# Ablaichen um die Jahreszeit ????



## Teichforum.info (8. Okt. 2005)

Hallo,

wie die meisten aus dem Forum wissen habe ich ja eine Große Baustelle zuhause.Deshalb sind meine Koi in einer 500l Tonne 5xJunior 2xKoi, einer von den großen ist ganz sicher Weiblich den anderen Koi vermute ich als Männlich weil er nicht so ein großen Bauch hat (Der Männliche Koi ist in einer anderen 500l Tonne der meinte er müsste in die Tonne gegenüber reinspringen).Der Weibliche Koi hat meiner Meinung nach in der letzten Zeit eine zimlich dicken Bauch bekommen obwohl ich das Füttern etwas reduziert habe.Was meint ihr dazu?


----------



## Teichforum.info (8. Okt. 2005)

Hallo Maurizio, 

also Laich wird der zu dieser Jahreszeit sicher nicht mehr bilden. 
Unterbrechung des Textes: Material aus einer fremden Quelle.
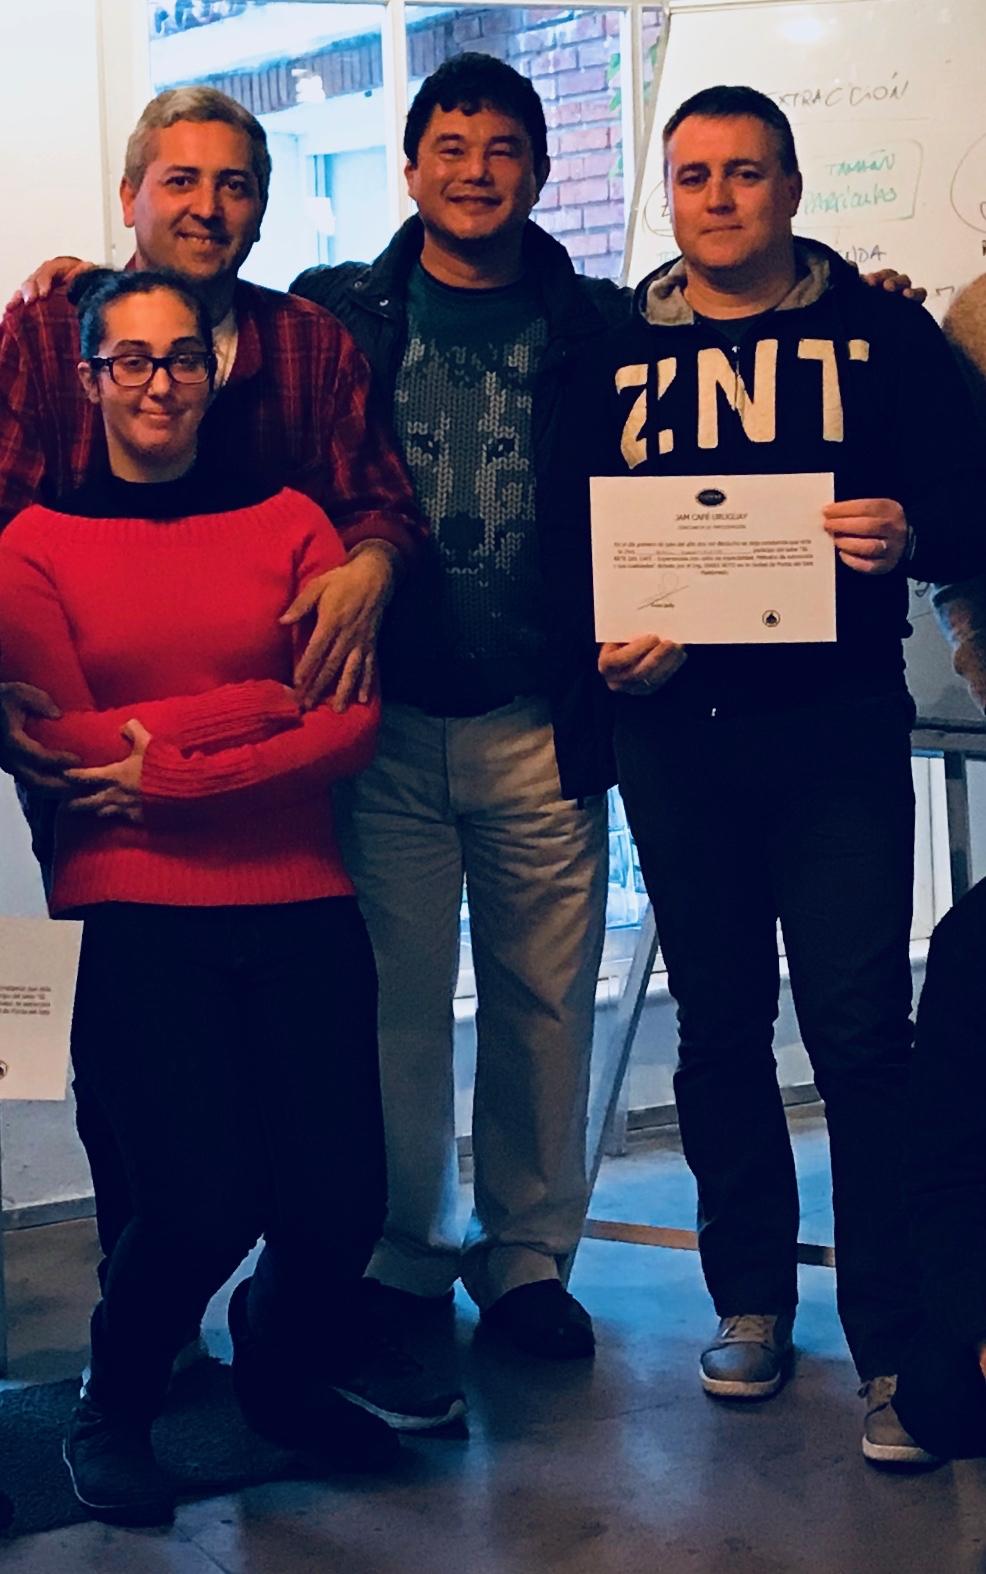 Juan Pablo, barista Candela, Ensei Neto e barista Raul Martirene
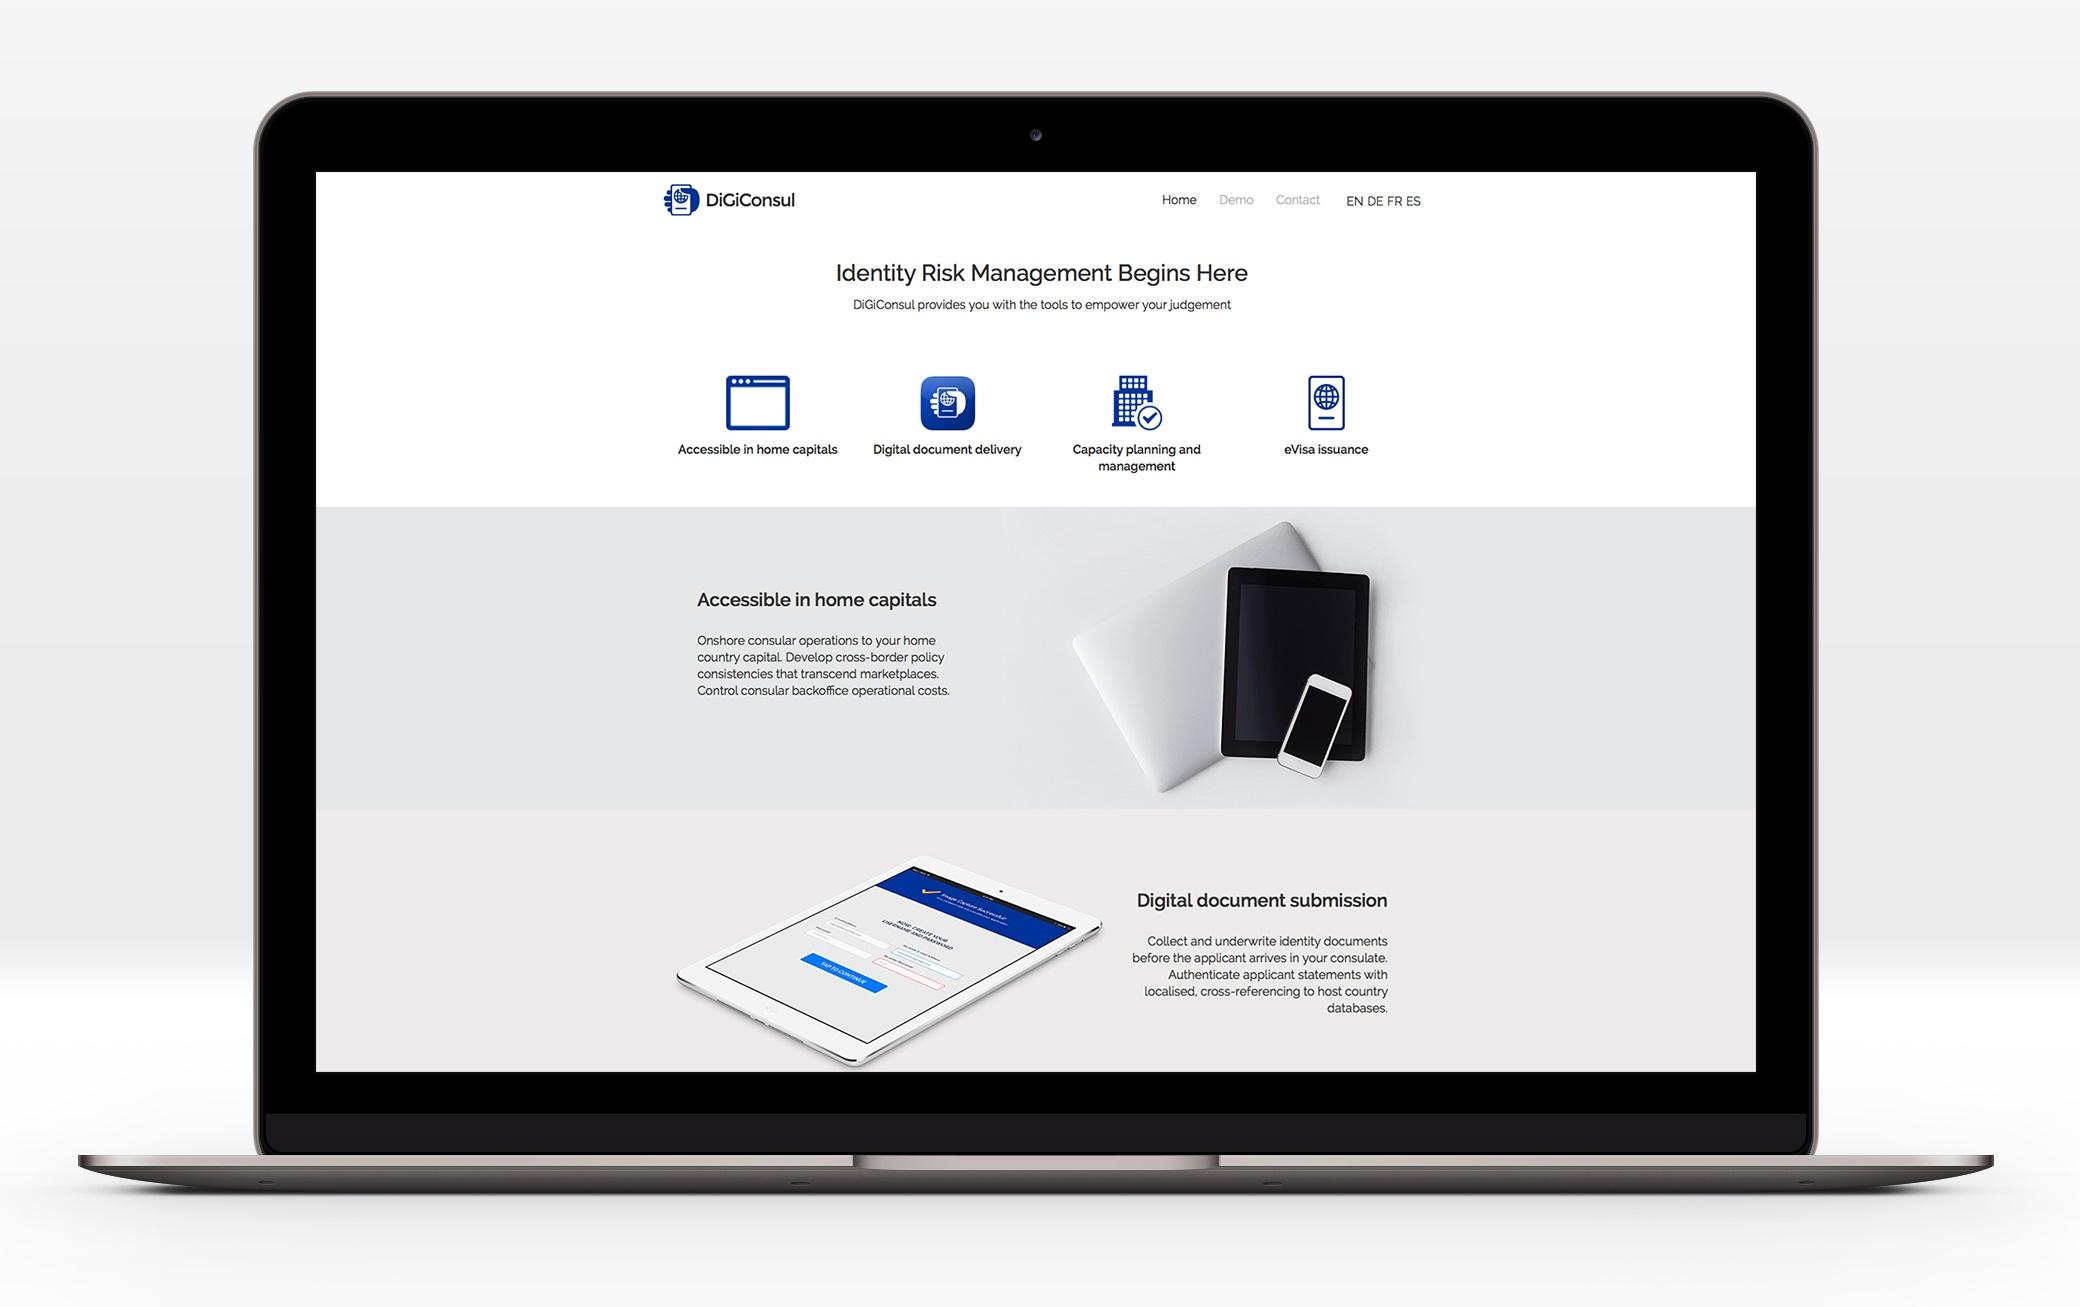 Digiconsul presentation website roweb for Mongodb consul

Was verstehst du unter dick? 
Stellt er Schuppen auf? 

Sicher könnte ein scharfes Bild und die Wasserwerte weiterhelfen. 


Gruß Rainer


----------



## Teichforum.info (8. Okt. 2005)

Also Schuppen stehen nicht ab.Leider kann ich keine Scharfen Bilder machen.Denn die Koi sind immer ganz unten.


----------